Stewart became the undisputed leader, pulling out a three-second margin over Marlin and Newman by lap 170. Stewart remained out front through what figured to be the final round of green flag pit stops. He was the first among the leaders to come to pit road, on lap 204, with Marlin coming in on lap 205 and Newman following a lap later.
Following those stops, Stewart drove to a one-second advantage over Marlin, with the contending cars of Newman and Kurt Busch well behind Marlin. Ward Burton stayed on the track until lap 220 before making his stop, but when he finally did come in, Stewart was back in the lead with just 47 laps to go.
Stewart continued to lead before a caution on lap 231 sent everyone to pit road one final time.
Many teams opted for two tires, while Stewart took on four. That jumbled the running order when the race restarted on lap 236, as Stewart was sixth while Jeremy Mayfield, Rusty Wallace, Marlin, Bill Elliott and Mark Martin made up the top-five.
While the new leaders battled, Stewart battled with lapped traffic. "We're behind cars and I've got no downforce!" screamed Stewart over the radio.
Marlin wound up with the lead while Stewart did all he could to take, and then hold, second.
When the checkered flag dropped it was Marlin out front, with Mayfield, Martin, Newman and Stewart rounding out the top-five.
Simmering over what could've been, Stewart left the track quickly and without comment. Crew chief Greg Zipadelli, however, offered his view on the day.
"When you put only two tires on a Dodge and a Ford and we've got four fresh ones on our car and they still drive away from you I don't know. If that wasn't a clear indication that we're at a disadvantage, then I don't know that I've ever seen a disadvantage. Yeah we had a great car, but what do we have?
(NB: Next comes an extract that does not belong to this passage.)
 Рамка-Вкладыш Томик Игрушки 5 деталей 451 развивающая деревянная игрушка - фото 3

We have a top-five. I know there are a lot of people who would like to have that, but
"The '40' car (Marlin) speeds on pit road and NASCAR doesn't give them an infraction, and then he goes on to win the race. We've been hollering that the Pontiacs need help. But today the guys that got only two tires and couldn't run all day long, when they wanted to they could just get up on the wheel and go. That's aero - aero and tires when you get to that point. When you'd get 30, 40, 50 laps into a run like we were, we were as good, or better, than anybody. We showed that, but we've been showing that for two years now. But here, I guess that's good enough.
"To make ourselves better, we need what everybody else has got," continued Zipadelli. "We need a little kick-out on the front valance and something at the back of the car too. Our car just skates around when it gets near other cars. It's just not a very efficient car, but for what we've got, it's been a great car. It's frustrating and disappointing. Las Vegas is a race track we love. The $1 million was just a bonus. You don't have to pay me anything to come here and run as hard as we did."
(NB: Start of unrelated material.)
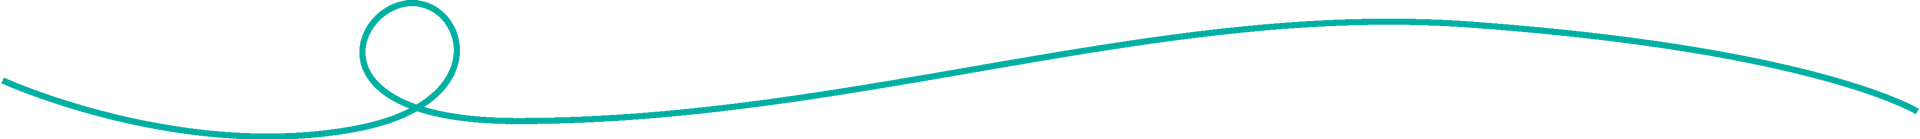 Green teal line divider
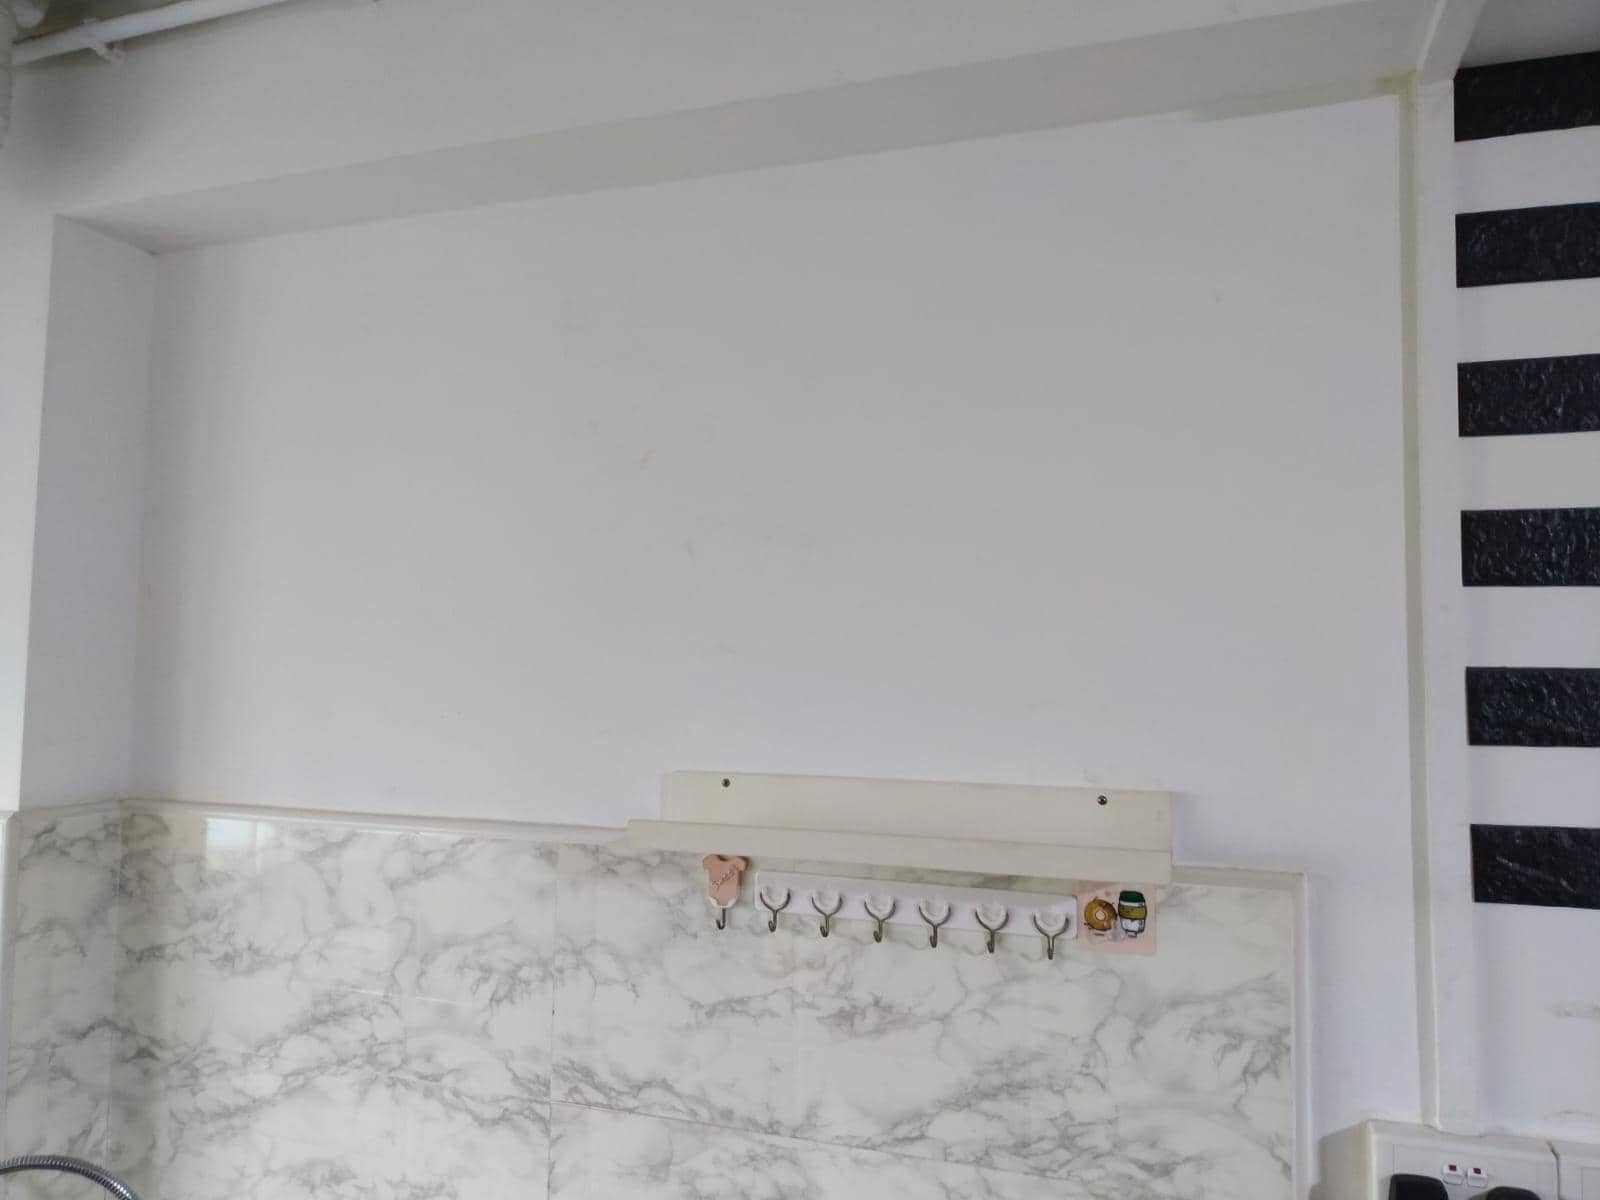 mount kitchen cabinet

While frustrating, the solid fifth-place finish did much to help The Home Depot Racing Team's standing in the points. After three rounds of racing, the #20 team has come from 43rd in points to 11th, thanks to the strong top-five runs at Rockingham (N.C.) and Las Vegas.
The next event on the Winston Cup schedule is the March 10 MBNA America 500 at Atlanta Motor Speedway. Live coverage by FOX begins at 1 p.m. EST.